***** Input data *****

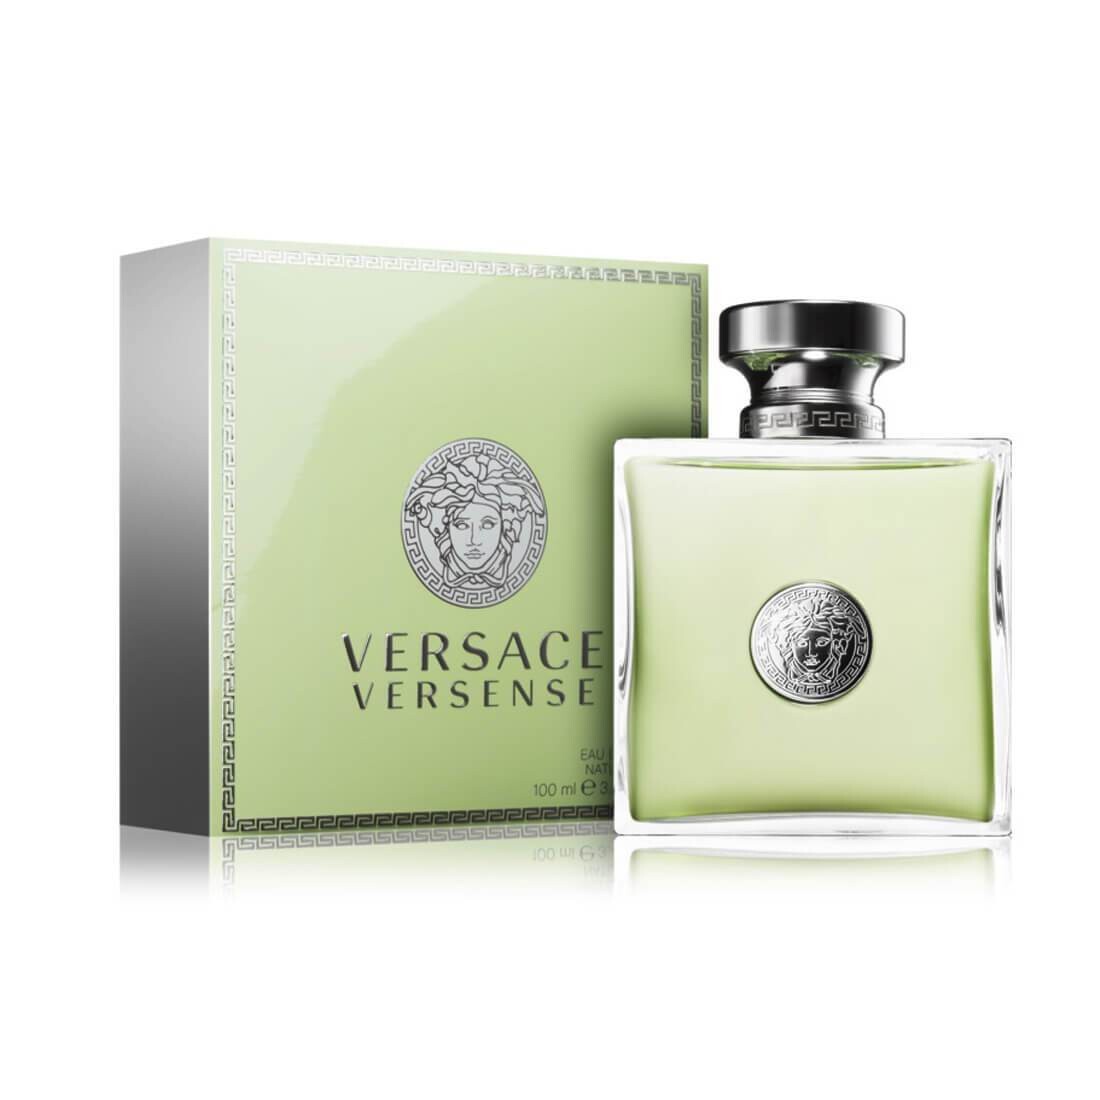 Versace Versense EDT Perfume For Women – 100ml
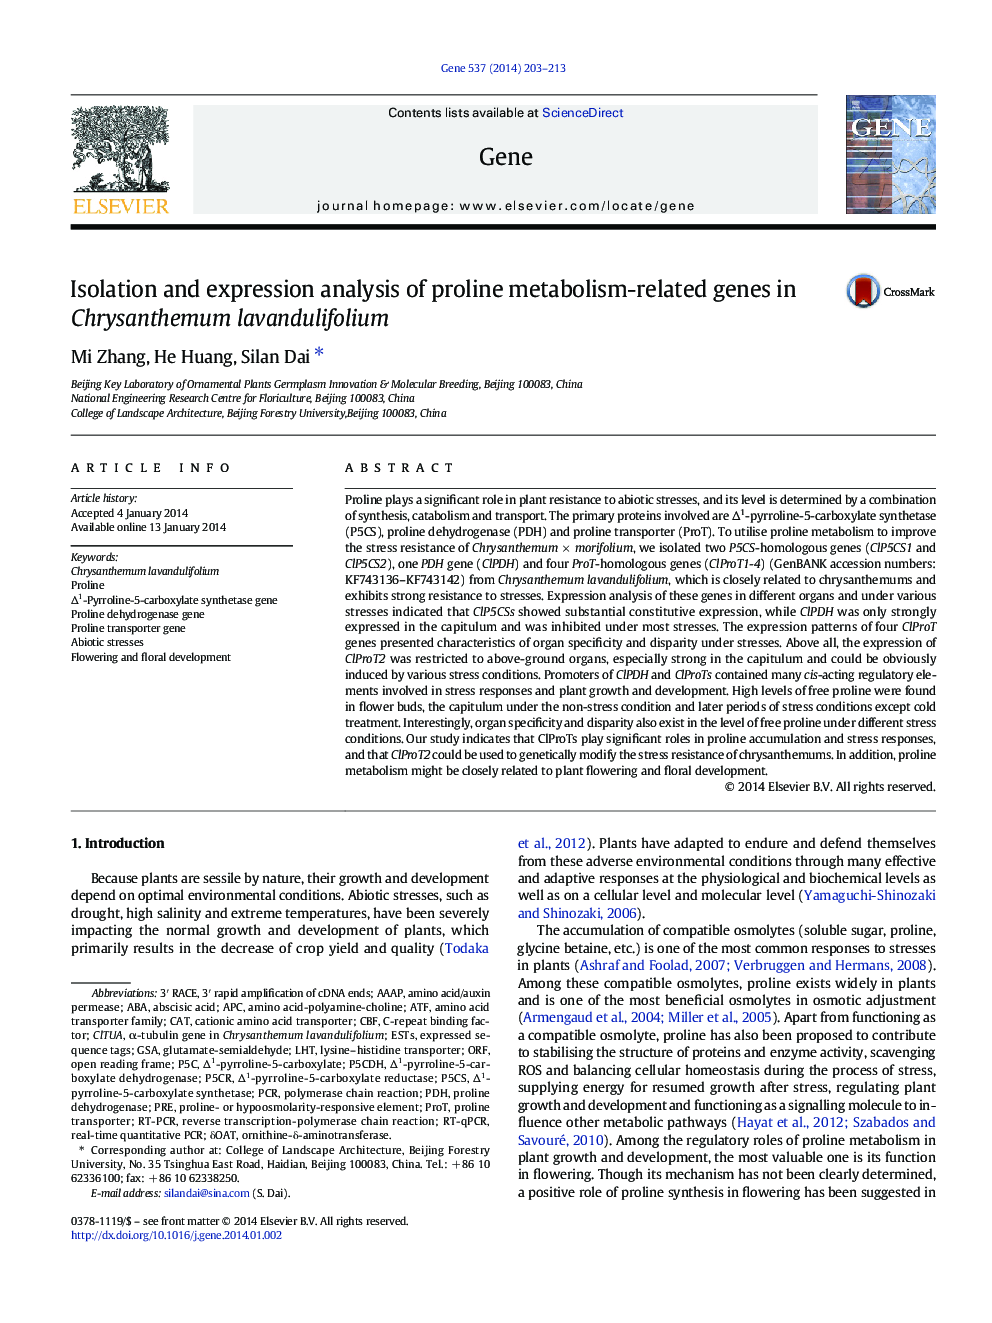 Isolation and expression analysis of proline metabolism-related genes in Chrysanthemum lavandulifolium
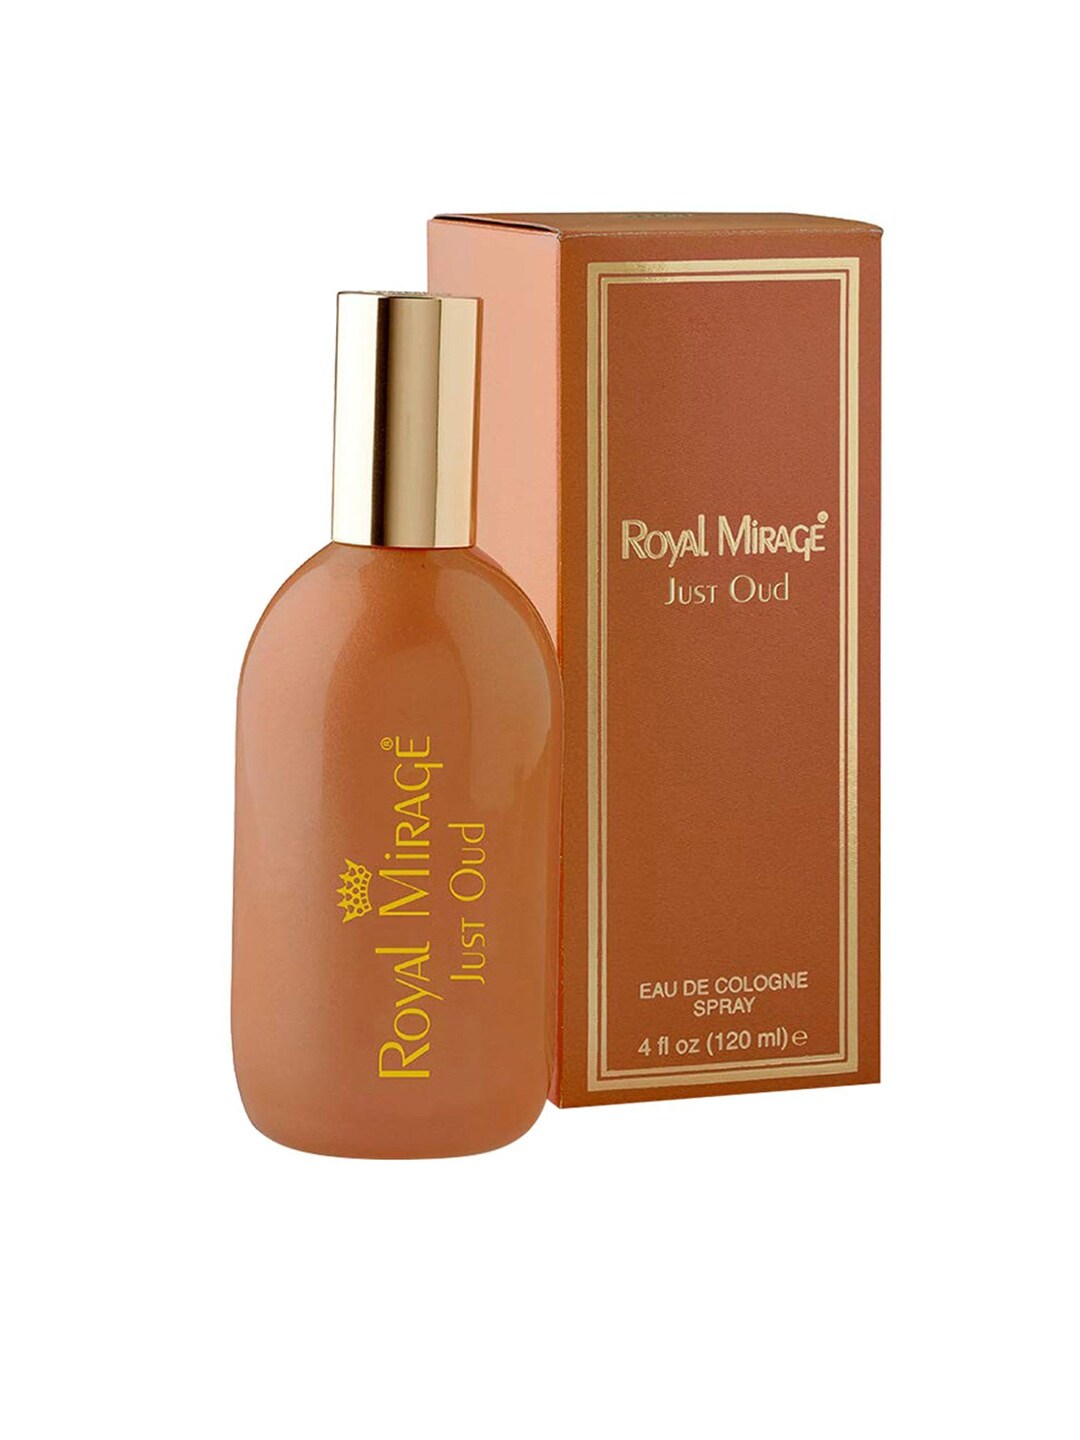 Royal Mirage Men Just Oud Eau De Cologne Perfume 120ml Price in India

*****

Would you write out the data exactly, with no pictures in the copy?

§ Task output
 Versace Versense EDT Perfume For Women – 100ml
 Isolation and expression analysis of proline metabolism-related genes in Chrysanthemum lavandulifolium
 Royal Mirage Men Just Oud Eau De Cologne Perfume 120ml Price in India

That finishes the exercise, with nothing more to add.